> **To do**
Reproduce the following data exactly, minus any images.

> **Data provided**
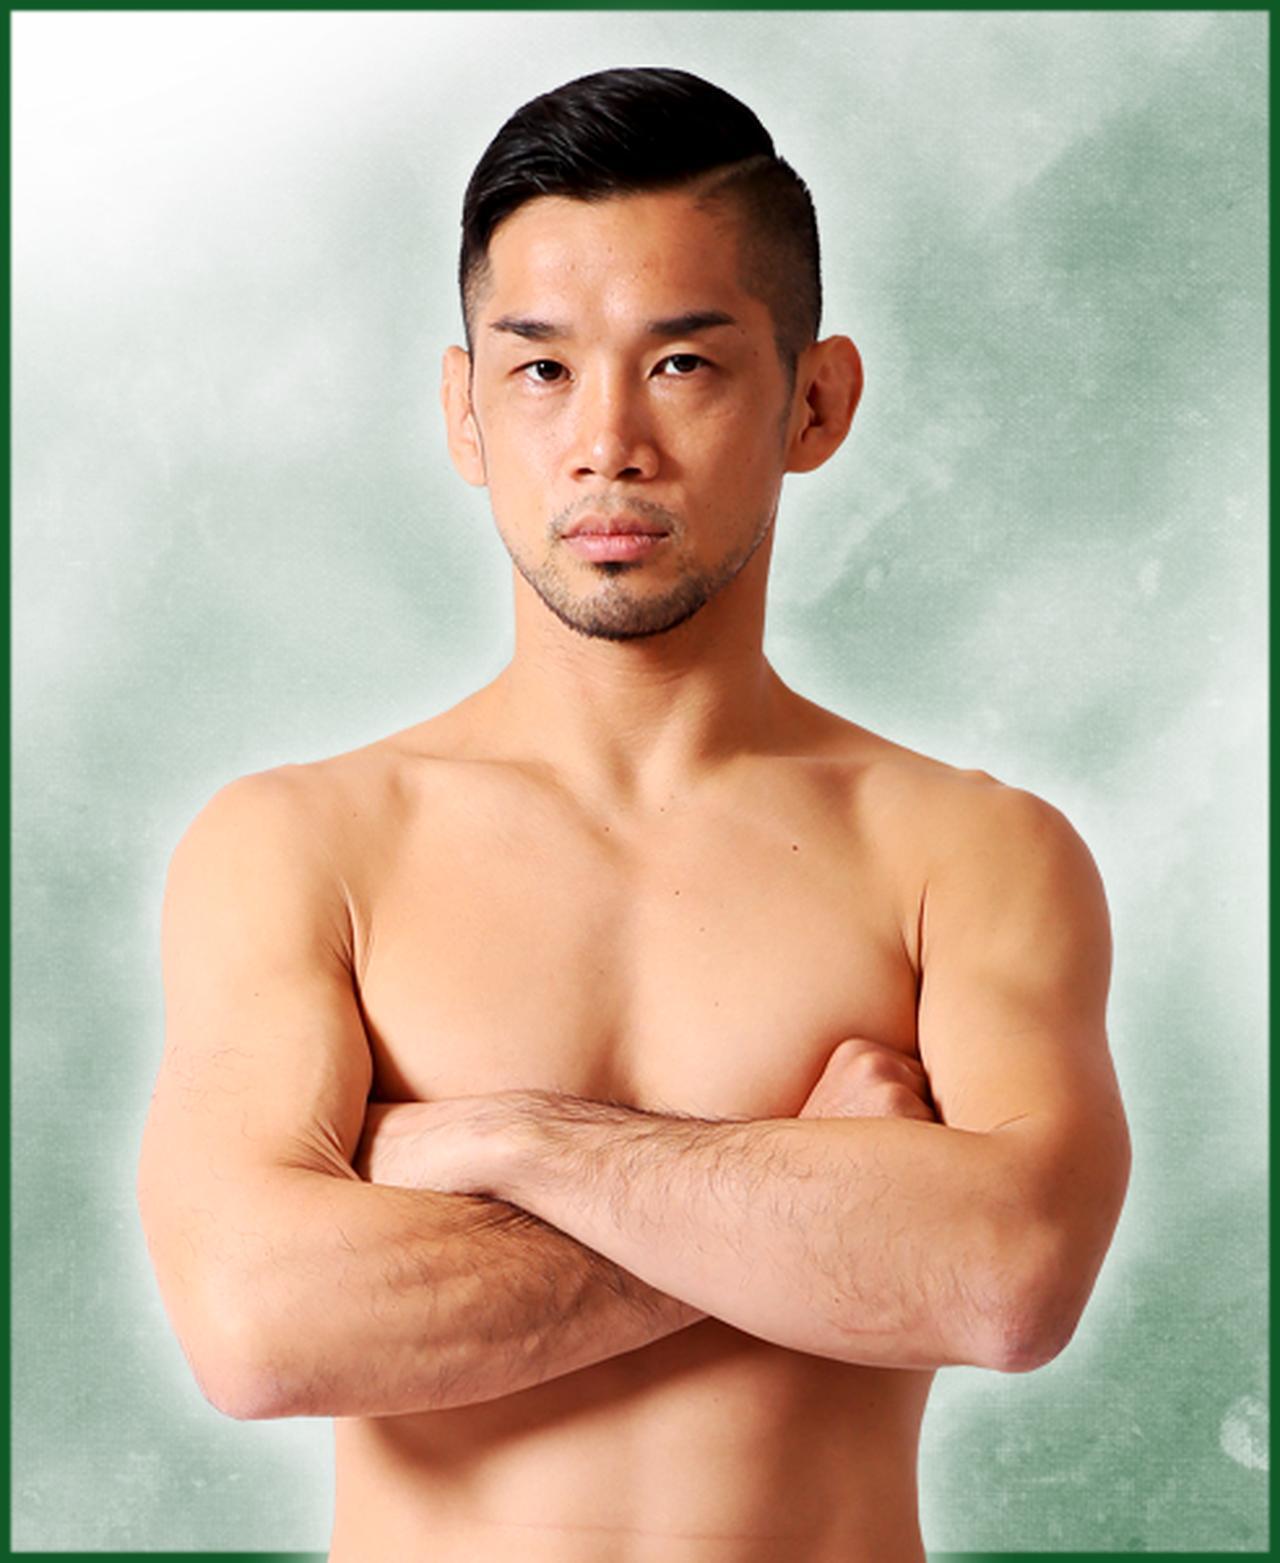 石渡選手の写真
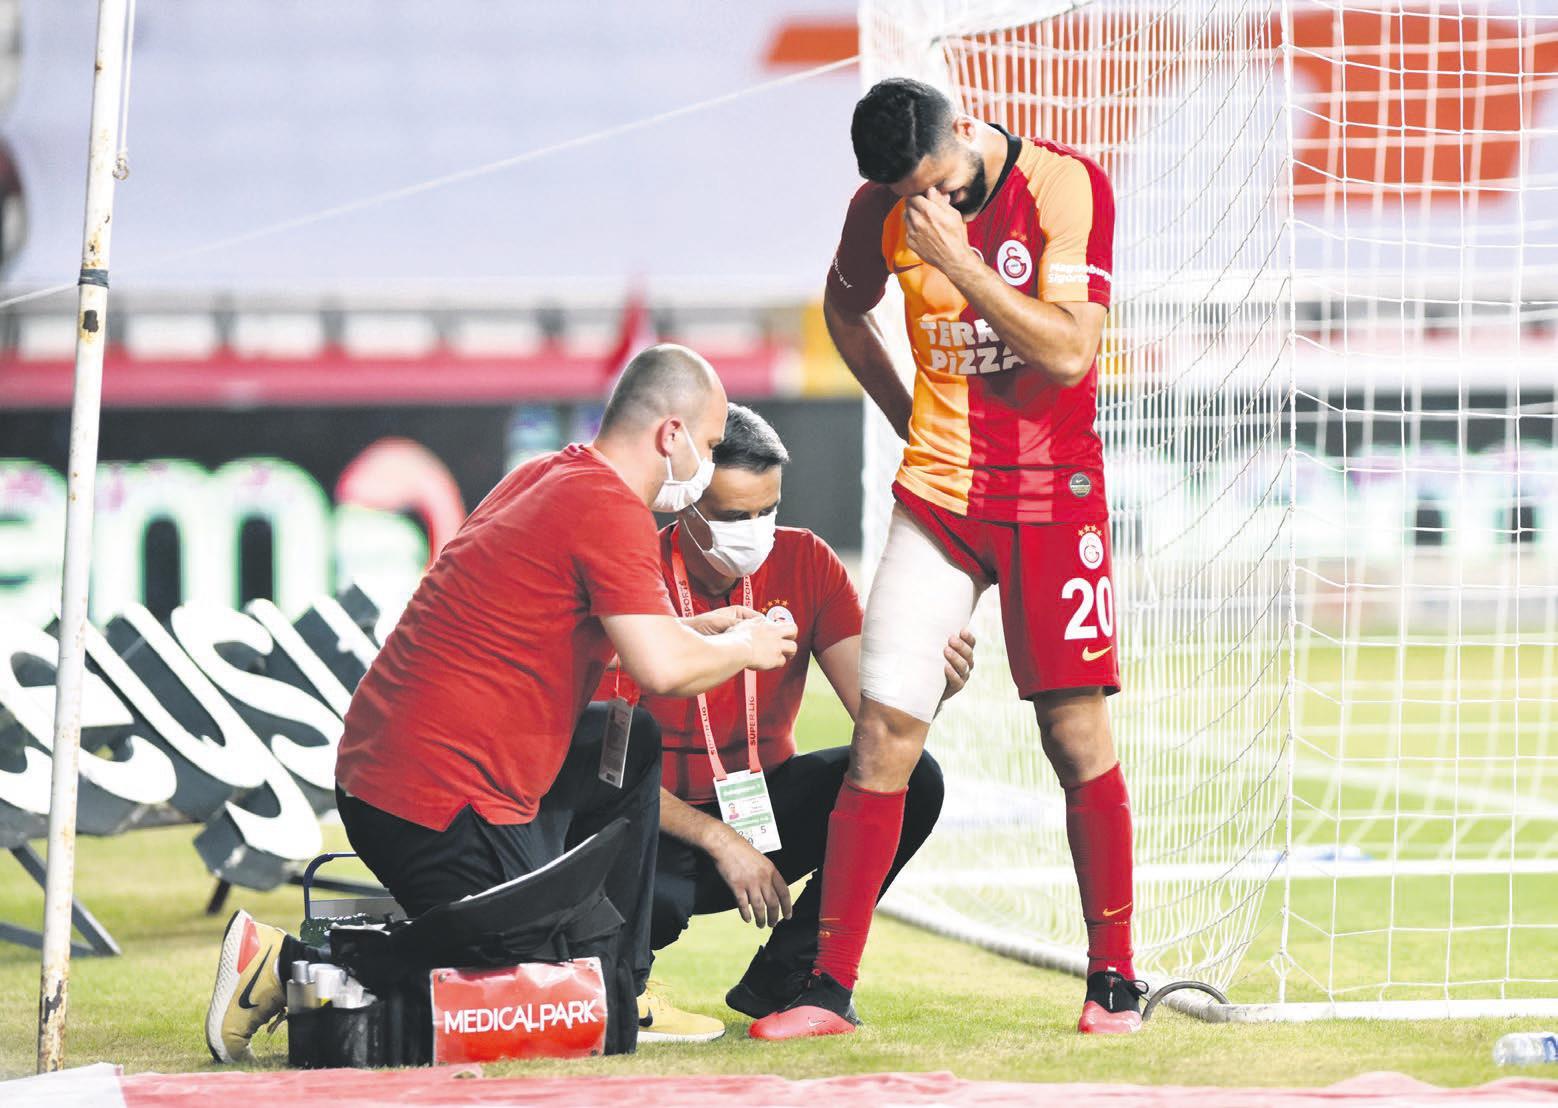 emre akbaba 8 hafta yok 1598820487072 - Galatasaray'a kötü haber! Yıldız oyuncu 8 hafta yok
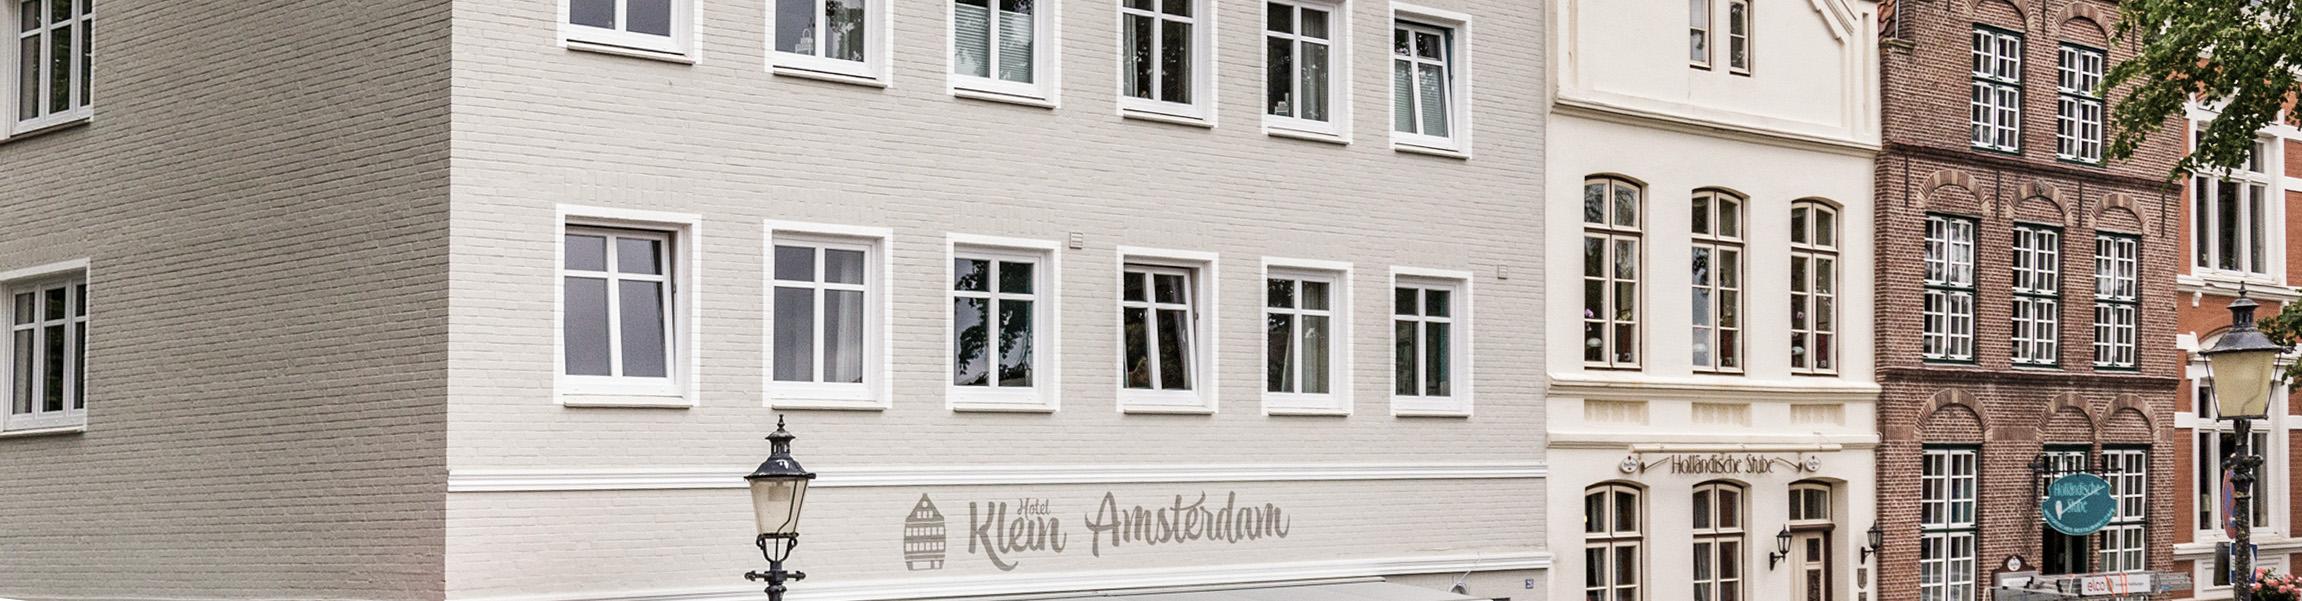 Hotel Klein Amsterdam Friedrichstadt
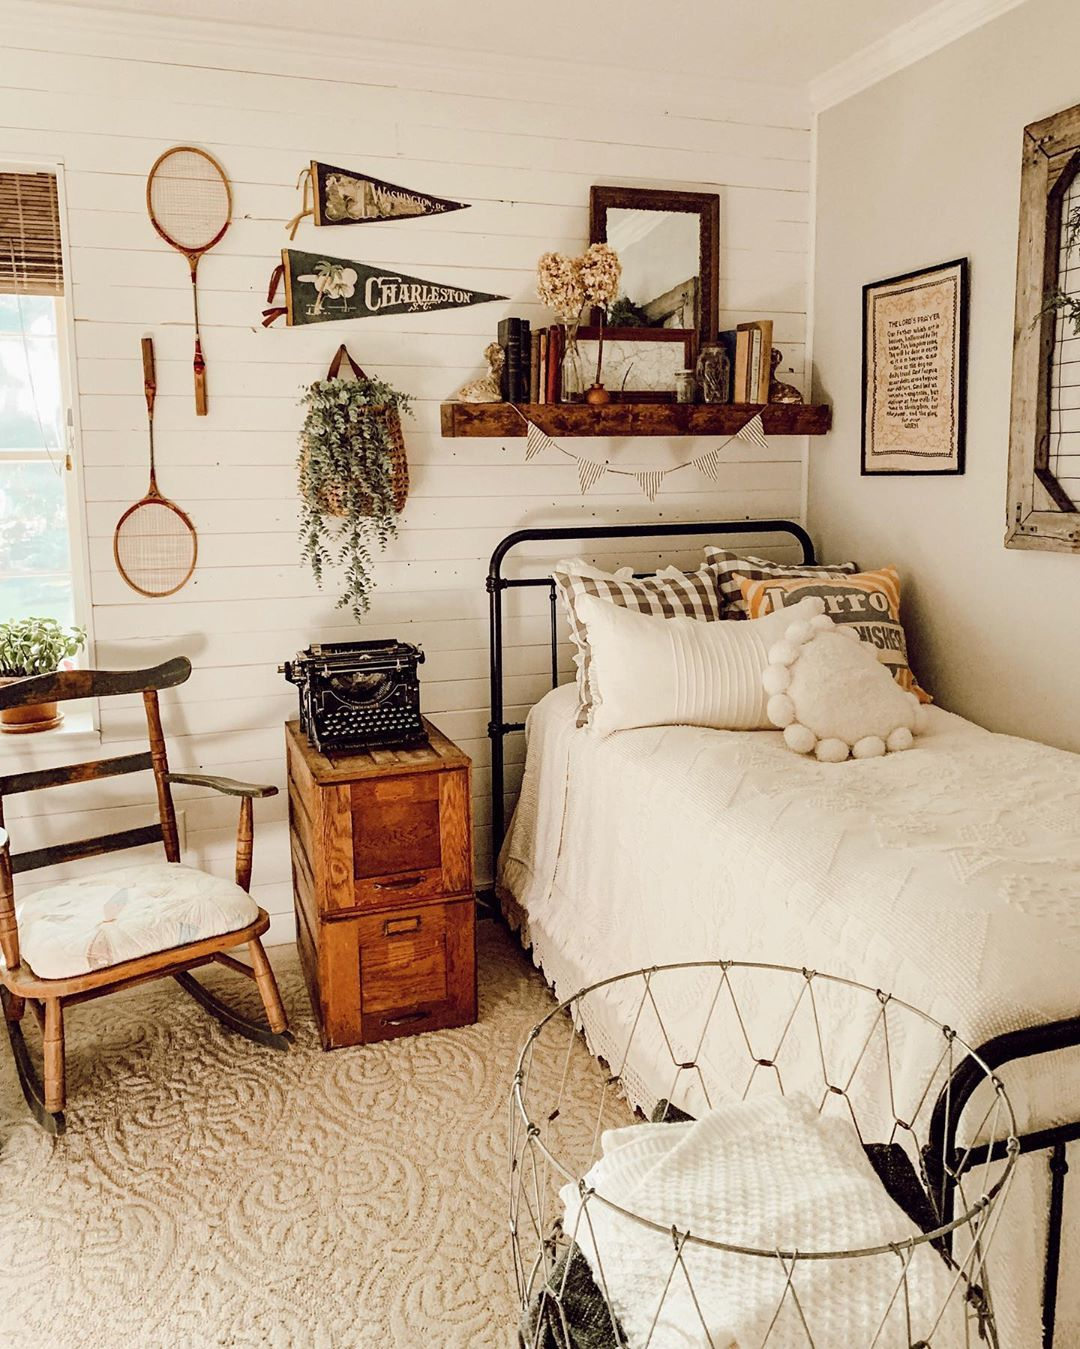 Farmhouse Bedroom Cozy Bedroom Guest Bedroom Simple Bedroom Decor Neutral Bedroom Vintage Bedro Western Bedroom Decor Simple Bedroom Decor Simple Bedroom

> **Solution to the problem**
 石渡選手の写真
 emre akbaba 8 hafta yok 1598820487072 - Galatasaray'a kötü haber! Yıldız oyuncu 8 hafta yok
 Hotel Klein Amsterdam Friedrichstadt
 Farmhouse Bedroom Cozy Bedroom Guest Bedroom Simple Bedroom Decor Neutral Bedroom Vintage Bedro Western Bedroom Decor Simple Bedroom Decor Simple Bedroom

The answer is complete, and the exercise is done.